- **Your instructions**
Each line of the listing, apart from the pictures, is to be printed exactly.

- **Provided material**
- Opening Delimiter -
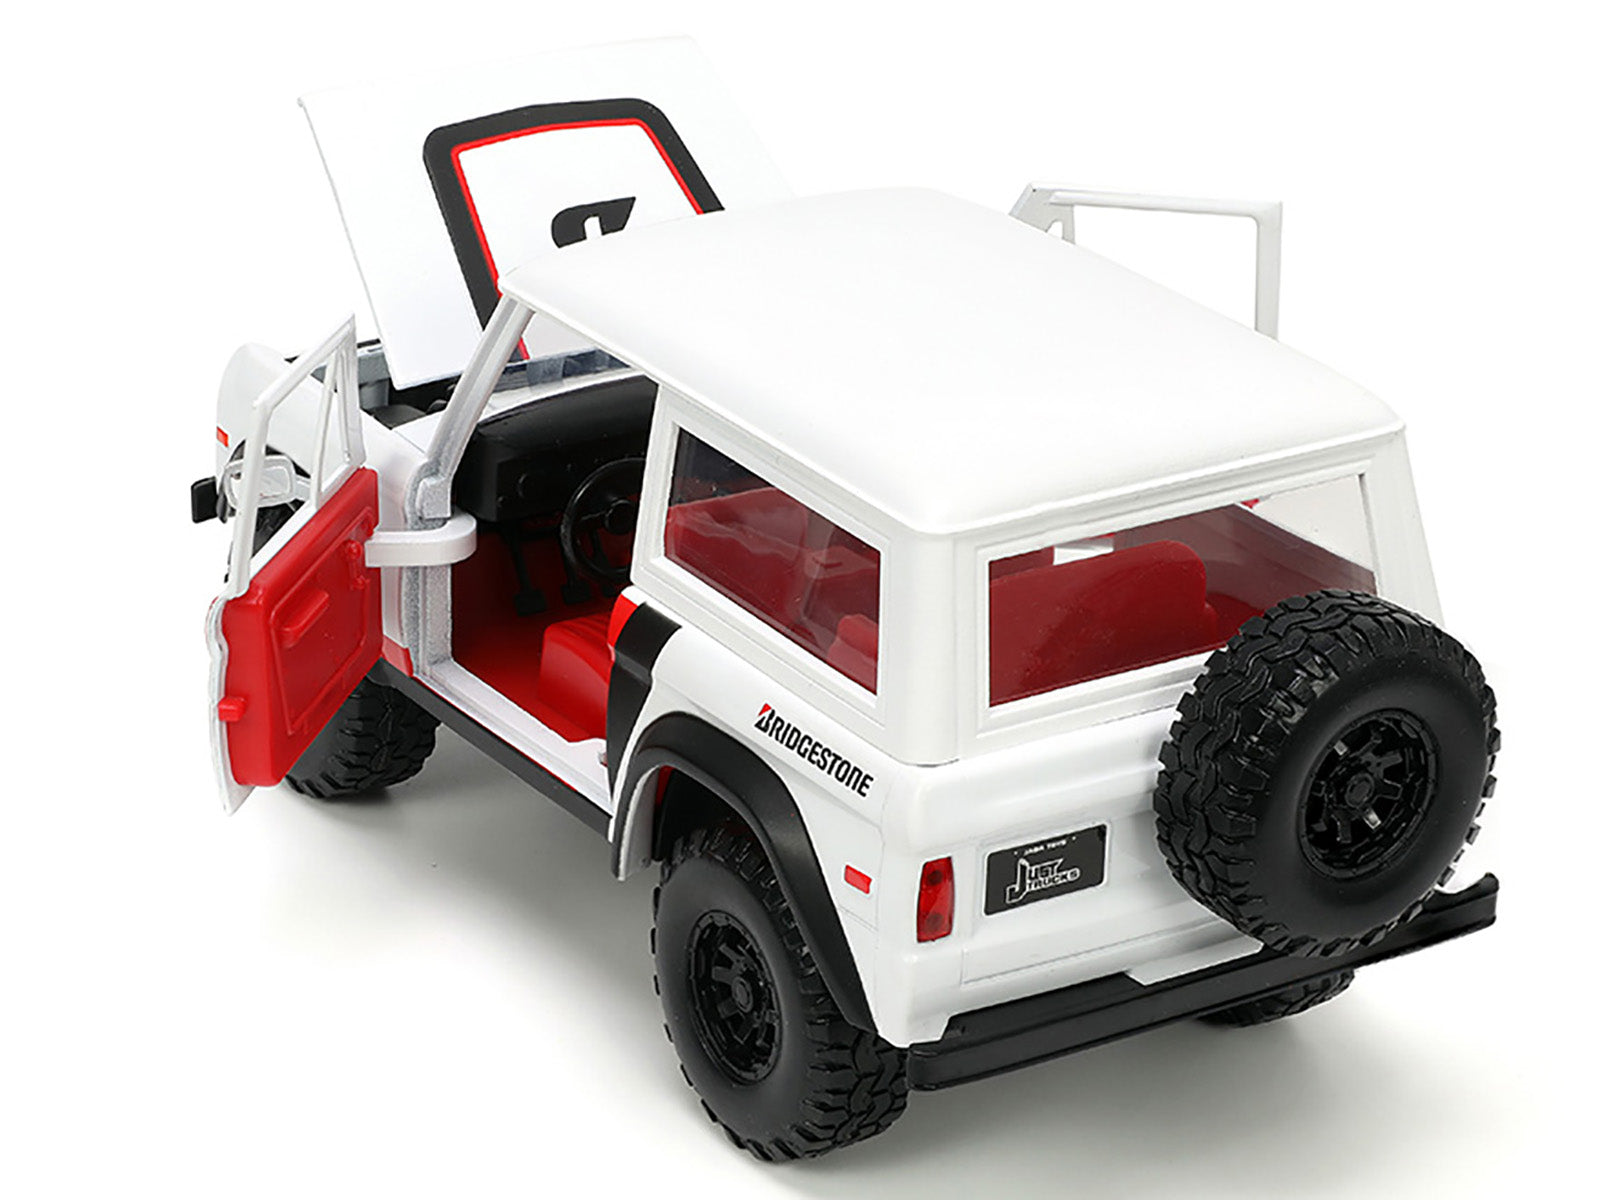 1973 Ford Bronco #008 White with Red and Black Stripes and Red Interior with Extra Wheels "Just Trucks" Series 1/24 Diecast Model Car by Jada
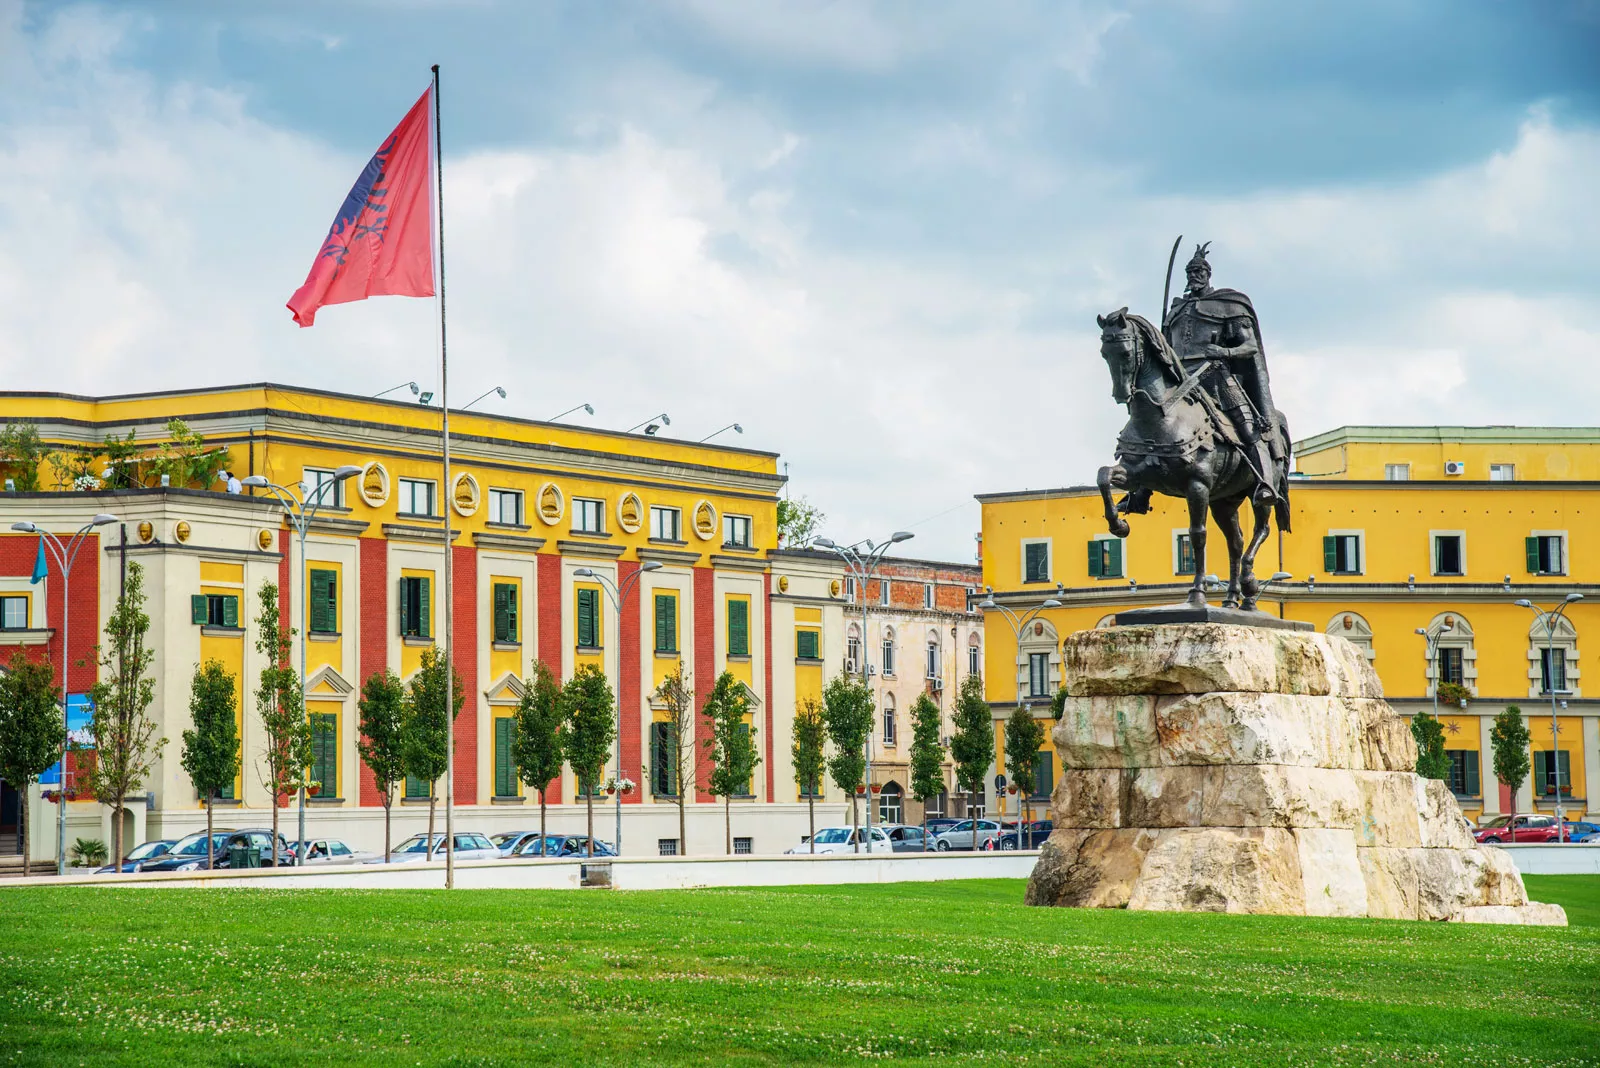 Skanderbeg Square in Albania, Europe | Architecture,Monuments - Rated 3.7
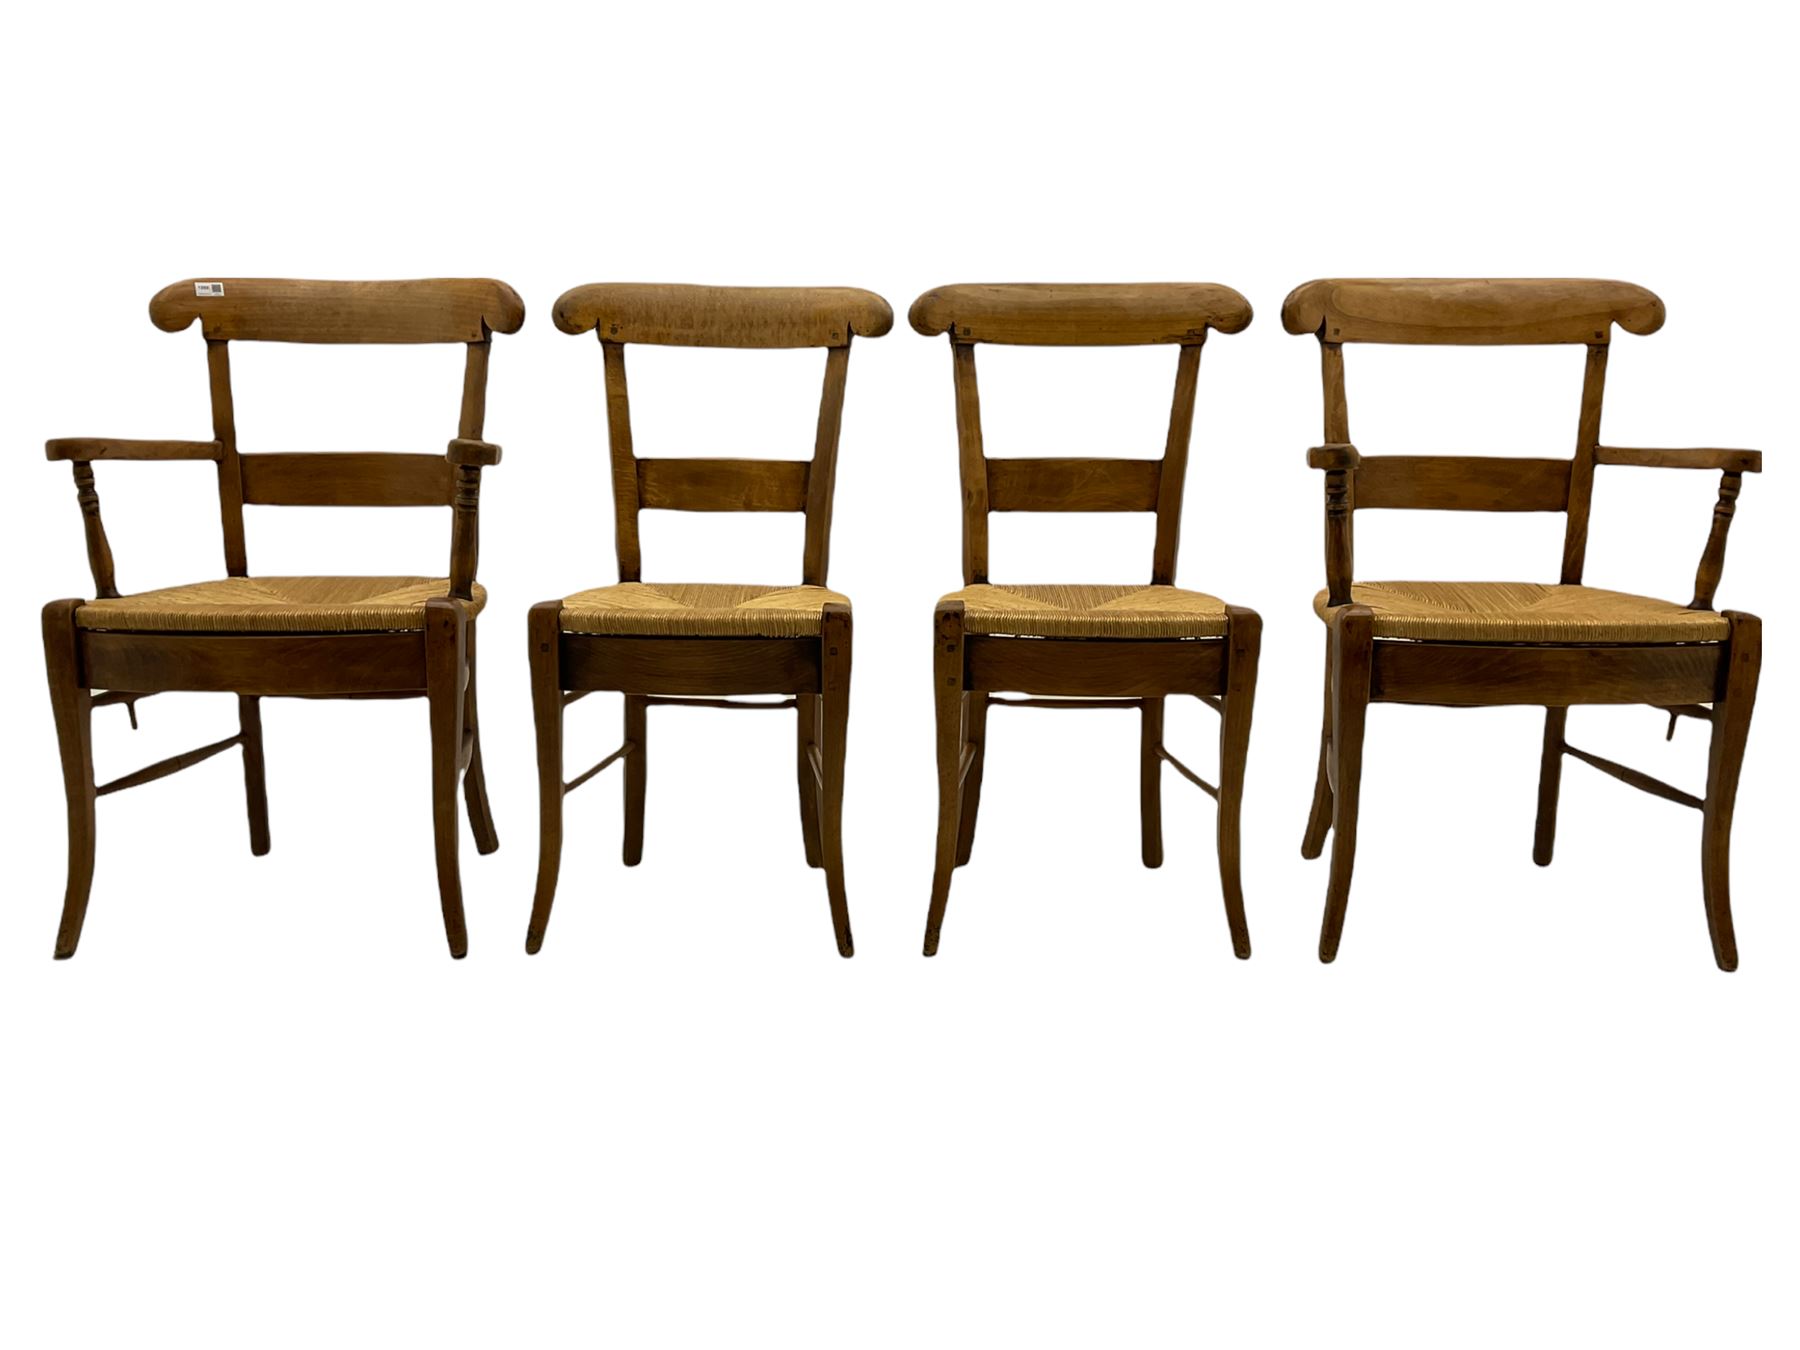 Set of four French walnut dining chairs
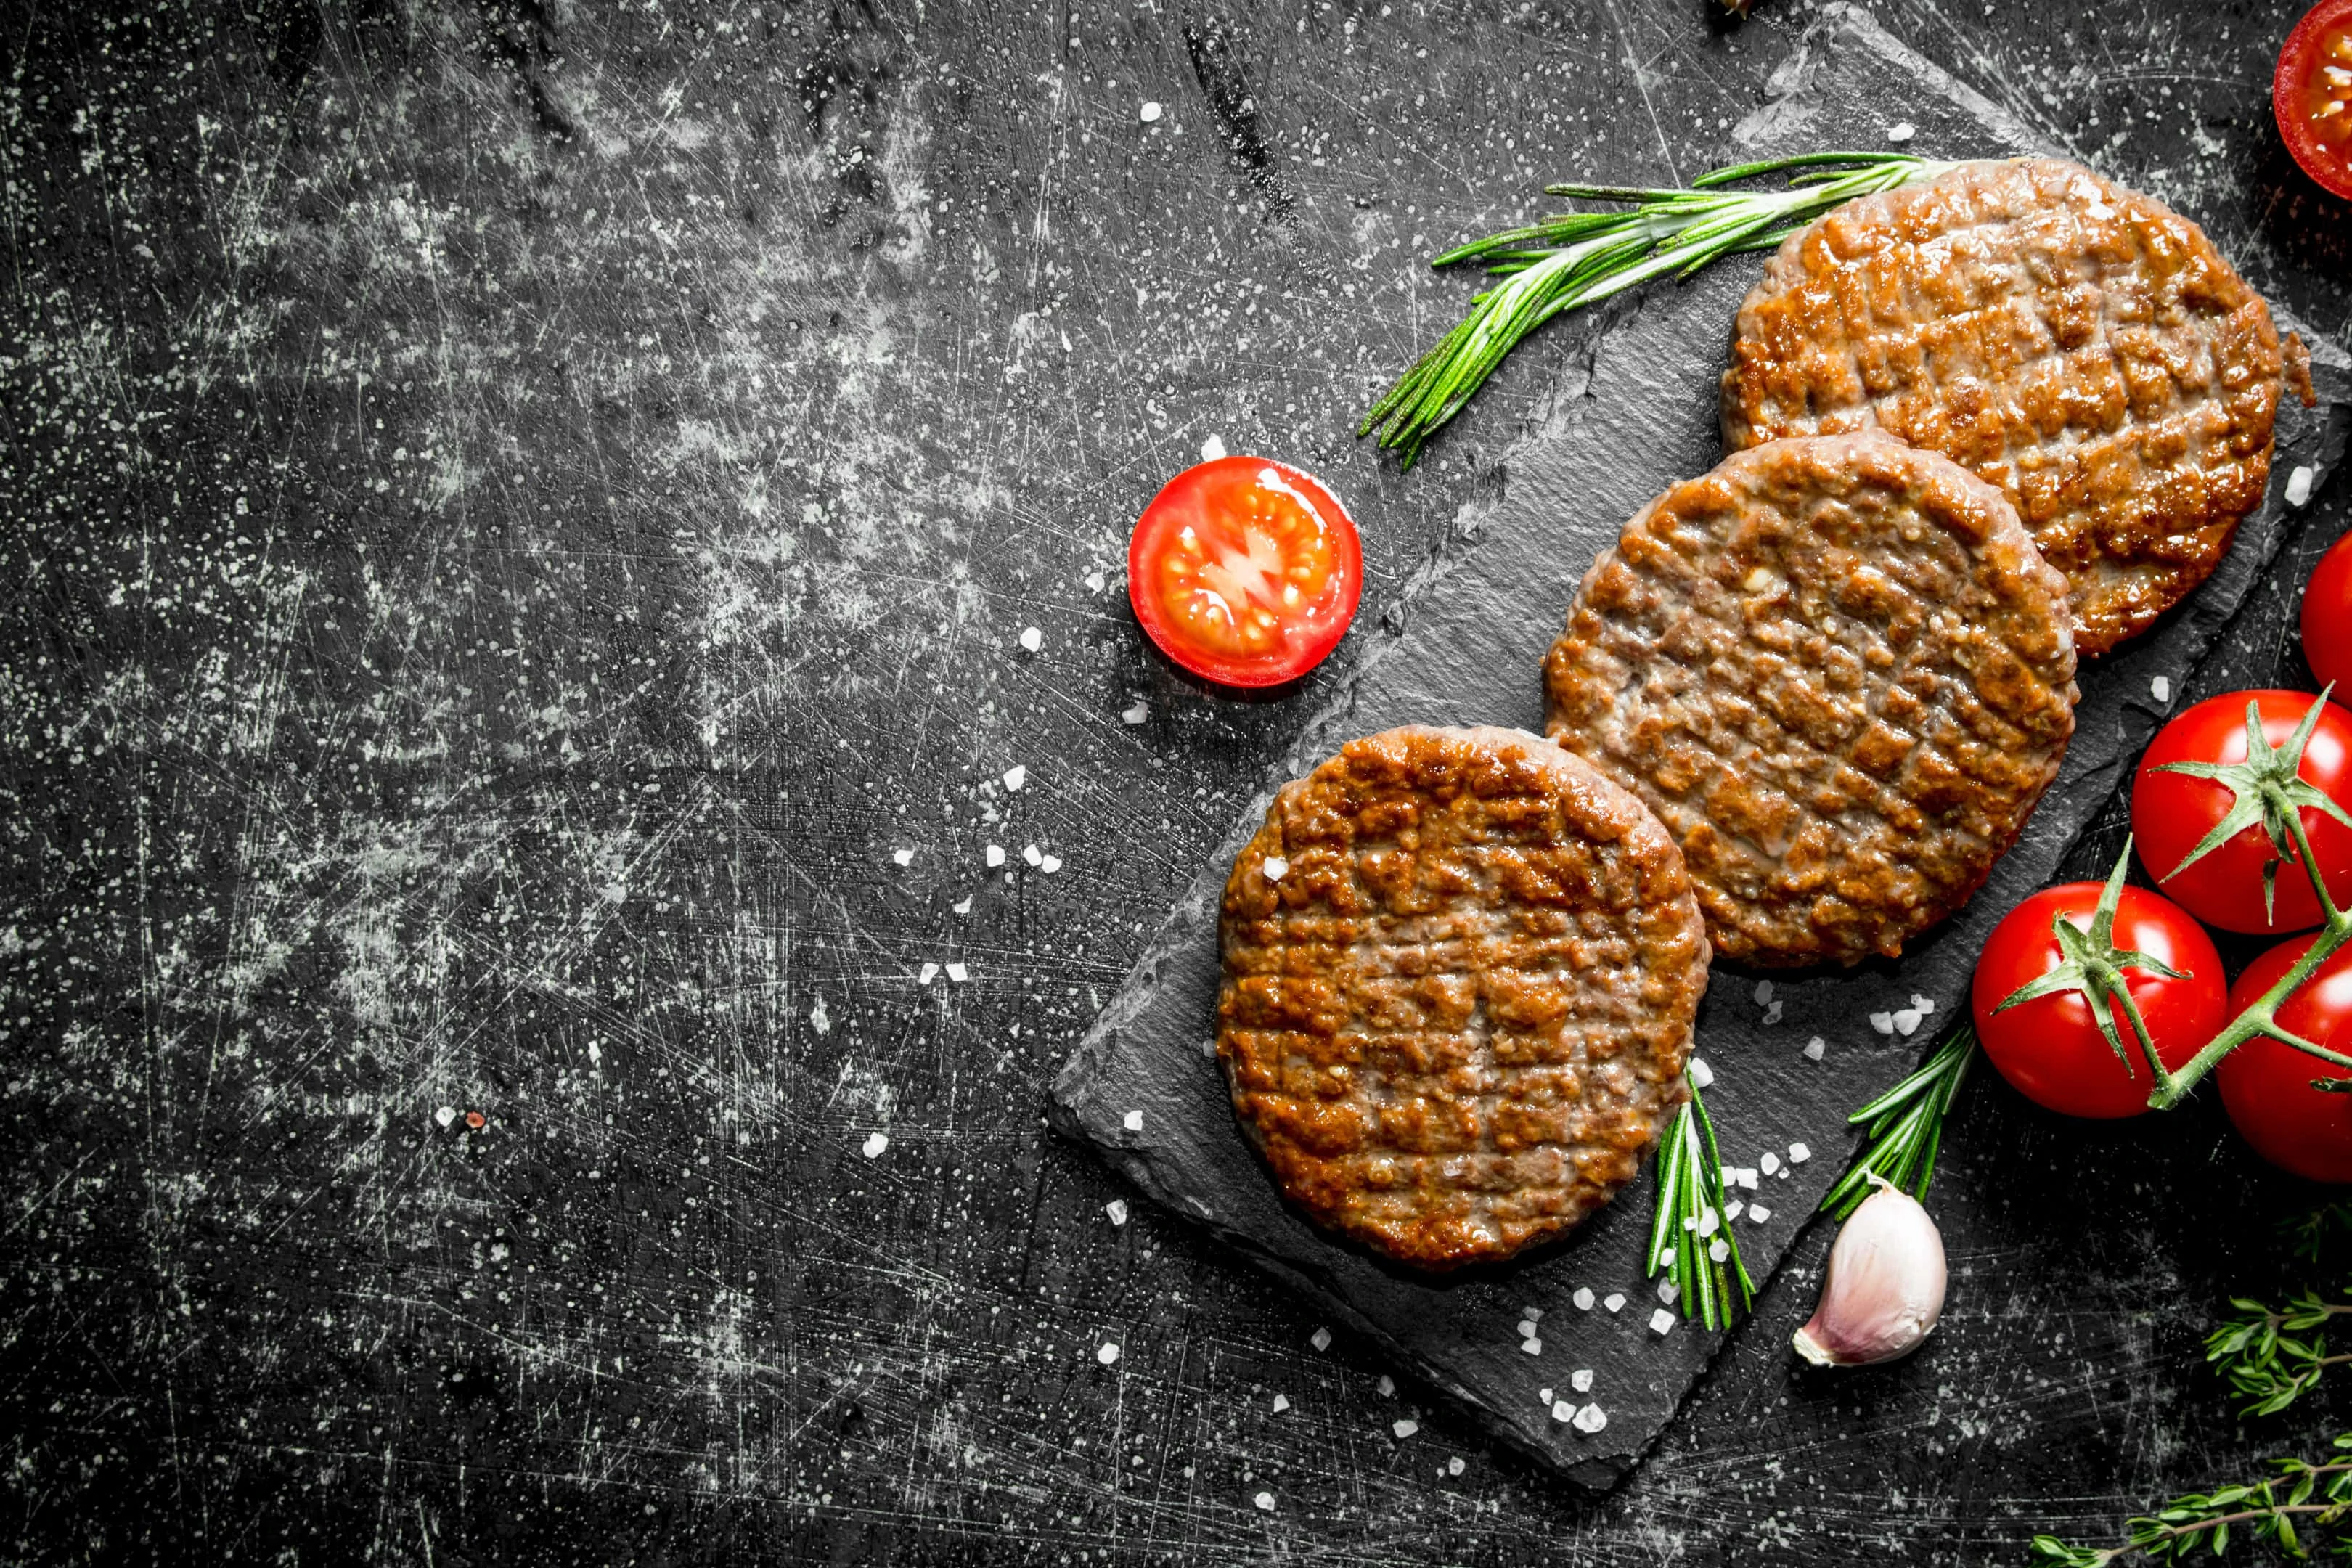 Processed hamburgers with tomatoes on black rustic stone board
- Closing Delimiter -
- **Solution to this task**
 1973 Ford Bronco #008 White with Red and Black Stripes and Red Interior with Extra Wheels "Just Trucks" Series 1/24 Diecast Model Car by Jada
 Skanderbeg Square in Albania, Europe | Architecture,Monuments - Rated 3.7
 Set of four French walnut dining chairs
 Processed hamburgers with tomatoes on black rustic stone board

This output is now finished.